> **What is expected**
In the records below, find the line that contains "Cartel hasta el" and the line that contains "Givenchy Black Rottweiler Backpack Bag"; write out exactly those two lines and everything between them, without the pictures.

> **Data provided**

..........

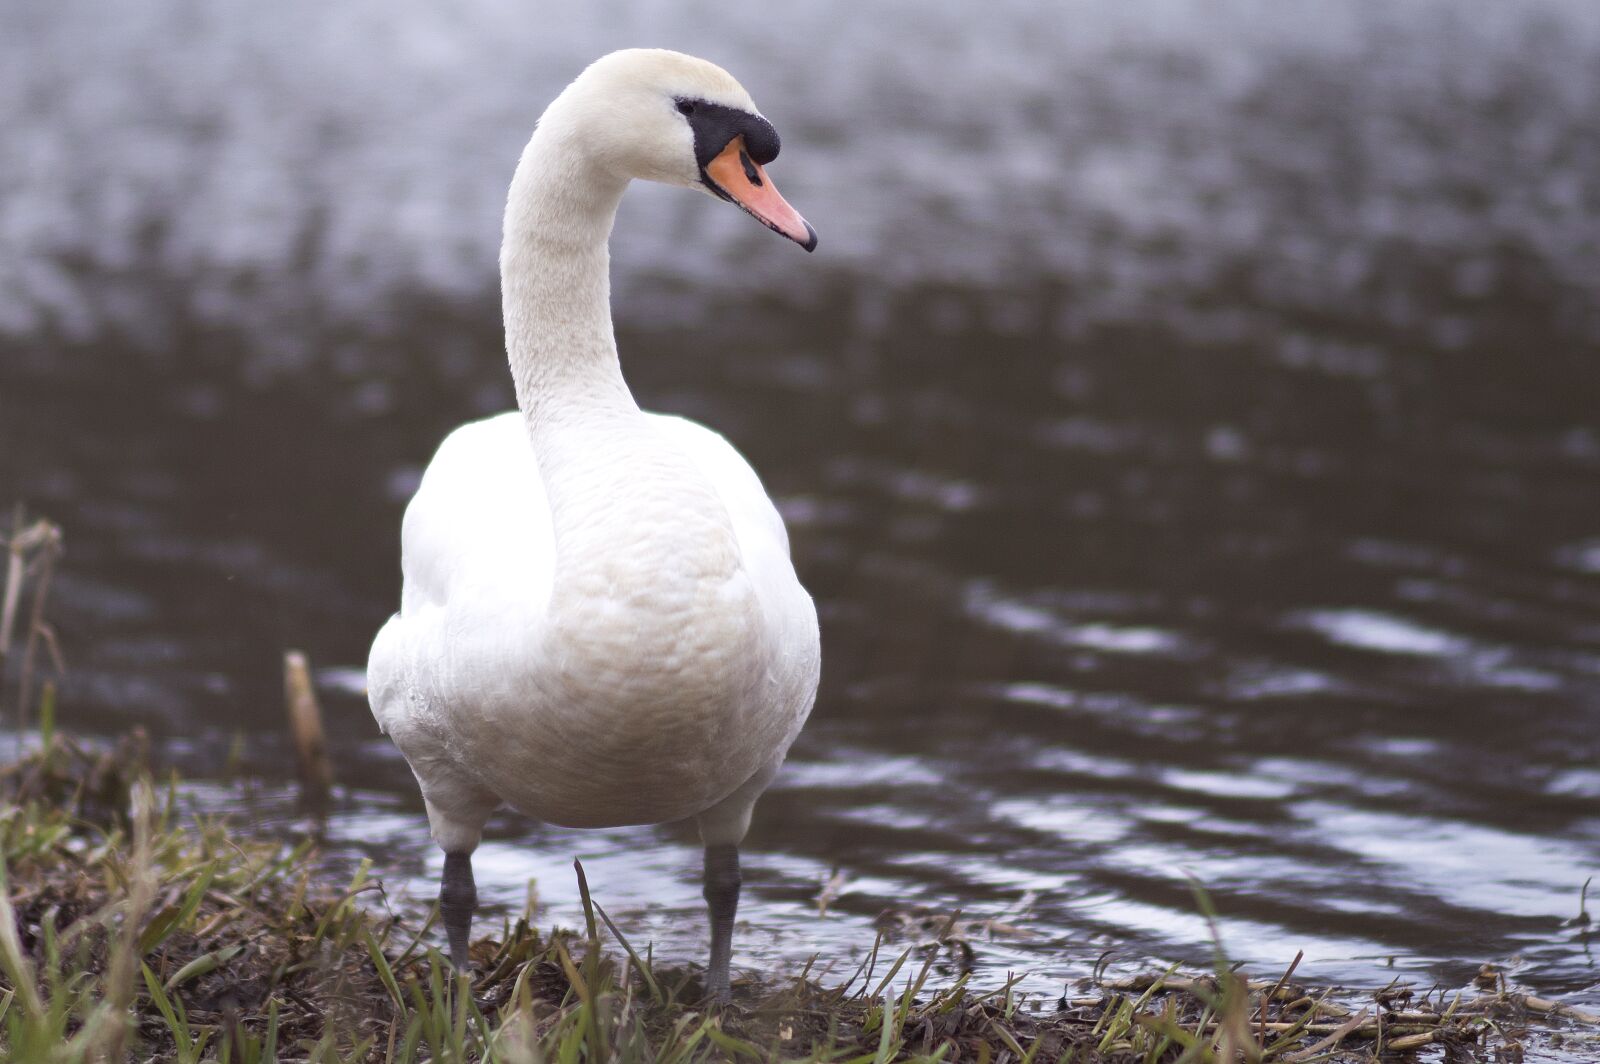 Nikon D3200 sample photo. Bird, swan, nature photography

..........

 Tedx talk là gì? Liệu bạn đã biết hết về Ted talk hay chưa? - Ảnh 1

..........

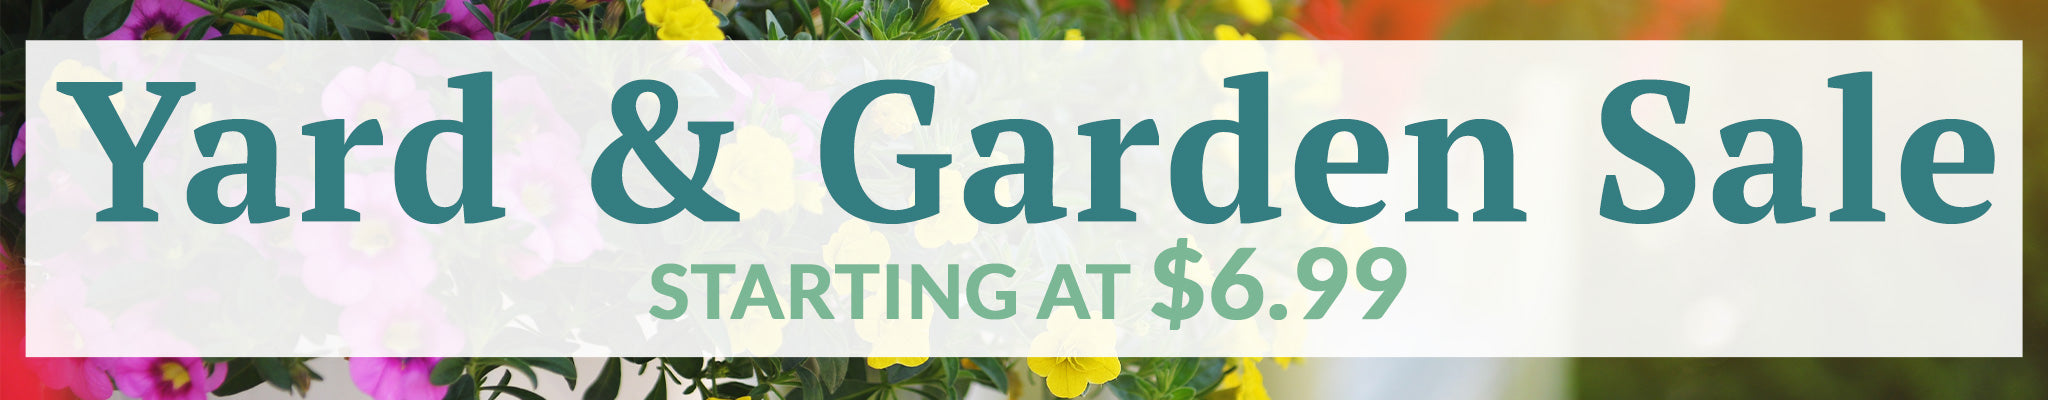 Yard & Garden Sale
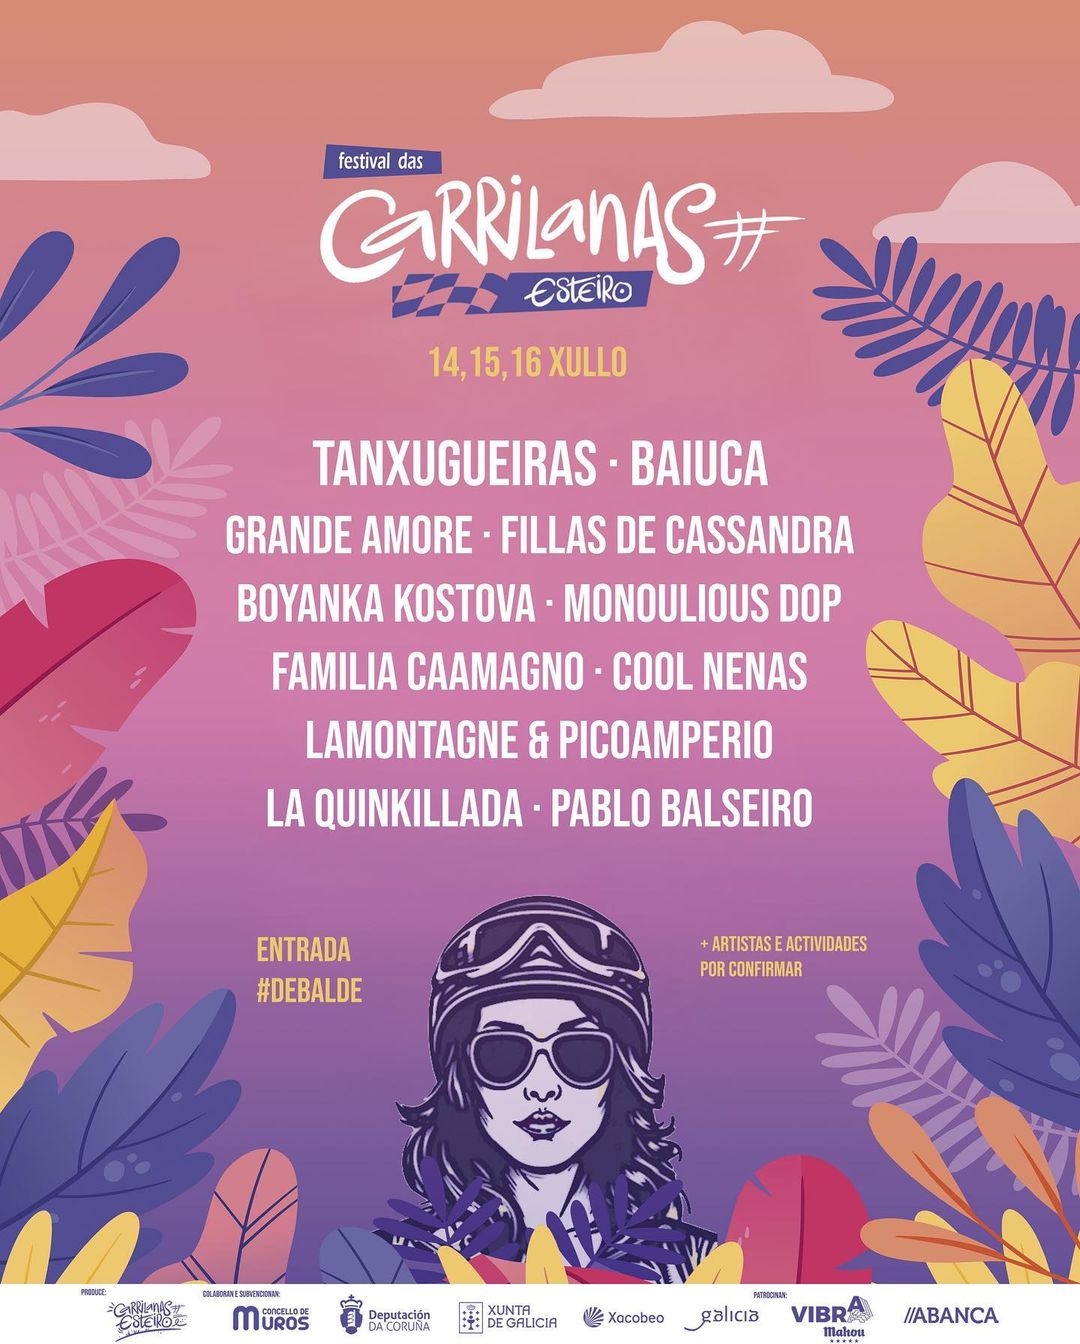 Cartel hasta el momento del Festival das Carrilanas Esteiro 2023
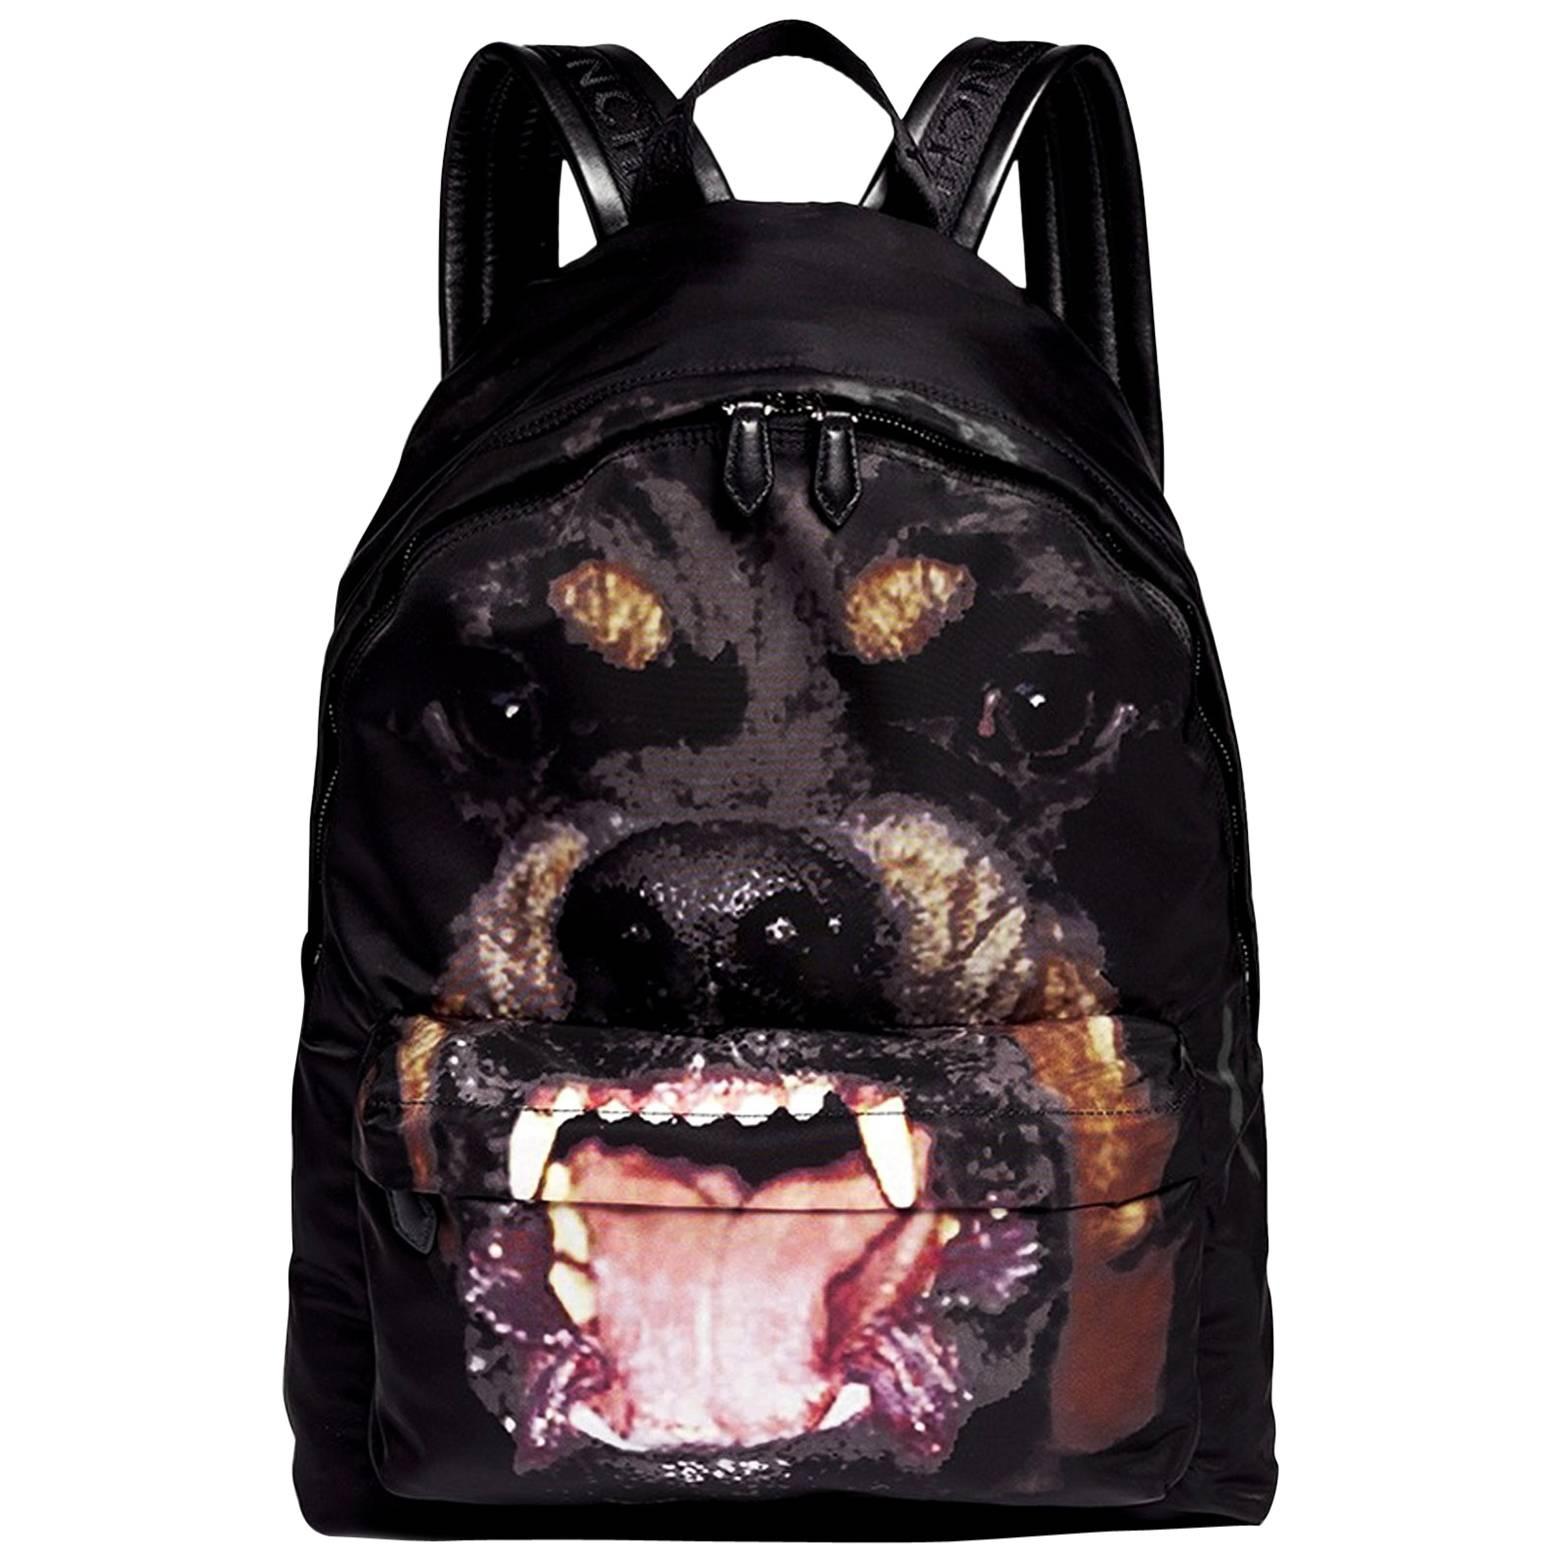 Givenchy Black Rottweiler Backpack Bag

..........

> **Final answer**
 Cartel hasta el momento del Festival das Carrilanas Esteiro 2023
 Givenchy Black Rottweiler Backpack Bag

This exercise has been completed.